Collection entries:
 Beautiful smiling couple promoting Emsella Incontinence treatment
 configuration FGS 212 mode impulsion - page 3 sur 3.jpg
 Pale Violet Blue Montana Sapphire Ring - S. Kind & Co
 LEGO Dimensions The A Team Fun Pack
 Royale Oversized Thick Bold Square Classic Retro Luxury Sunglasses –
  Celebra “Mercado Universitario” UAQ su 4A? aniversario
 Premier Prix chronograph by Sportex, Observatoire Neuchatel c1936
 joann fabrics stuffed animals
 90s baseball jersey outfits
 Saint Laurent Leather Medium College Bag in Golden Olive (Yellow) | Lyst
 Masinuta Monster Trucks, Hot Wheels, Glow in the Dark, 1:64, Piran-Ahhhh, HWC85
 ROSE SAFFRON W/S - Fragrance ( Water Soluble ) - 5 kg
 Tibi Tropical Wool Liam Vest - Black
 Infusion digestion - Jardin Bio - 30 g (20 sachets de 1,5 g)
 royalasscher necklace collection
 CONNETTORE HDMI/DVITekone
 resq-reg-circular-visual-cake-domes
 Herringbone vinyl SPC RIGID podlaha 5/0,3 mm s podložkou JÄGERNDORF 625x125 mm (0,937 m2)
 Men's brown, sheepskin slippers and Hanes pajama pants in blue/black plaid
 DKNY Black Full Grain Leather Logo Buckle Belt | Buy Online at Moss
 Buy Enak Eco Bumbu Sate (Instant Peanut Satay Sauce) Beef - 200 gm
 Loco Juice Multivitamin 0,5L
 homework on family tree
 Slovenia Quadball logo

◆ WHAT TO PRODUCE ◆
Copy the data above. Keep each line exact.

◆ OUTPUT BELOW ◆
 Beautiful smiling couple promoting Emsella Incontinence treatment
 configuration FGS 212 mode impulsion - page 3 sur 3.jpg
 Pale Violet Blue Montana Sapphire Ring - S. Kind & Co
 LEGO Dimensions The A Team Fun Pack
 Royale Oversized Thick Bold Square Classic Retro Luxury Sunglasses –
  Celebra “Mercado Universitario” UAQ su 4A? aniversario
 Premier Prix chronograph by Sportex, Observatoire Neuchatel c1936
 joann fabrics stuffed animals
 90s baseball jersey outfits
 Saint Laurent Leather Medium College Bag in Golden Olive (Yellow) | Lyst
 Masinuta Monster Trucks, Hot Wheels, Glow in the Dark, 1:64, Piran-Ahhhh, HWC85
 ROSE SAFFRON W/S - Fragrance ( Water Soluble ) - 5 kg
 Tibi Tropical Wool Liam Vest - Black
 Infusion digestion - Jardin Bio - 30 g (20 sachets de 1,5 g)
 royalasscher necklace collection
 CONNETTORE HDMI/DVITekone
 resq-reg-circular-visual-cake-domes
 Herringbone vinyl SPC RIGID podlaha 5/0,3 mm s podložkou JÄGERNDORF 625x125 mm (0,937 m2)
 Men's brown, sheepskin slippers and Hanes pajama pants in blue/black plaid
 DKNY Black Full Grain Leather Logo Buckle Belt | Buy Online at Moss
 Buy Enak Eco Bumbu Sate (Instant Peanut Satay Sauce) Beef - 200 gm
 Loco Juice Multivitamin 0,5L
 homework on family tree
 Slovenia Quadball logo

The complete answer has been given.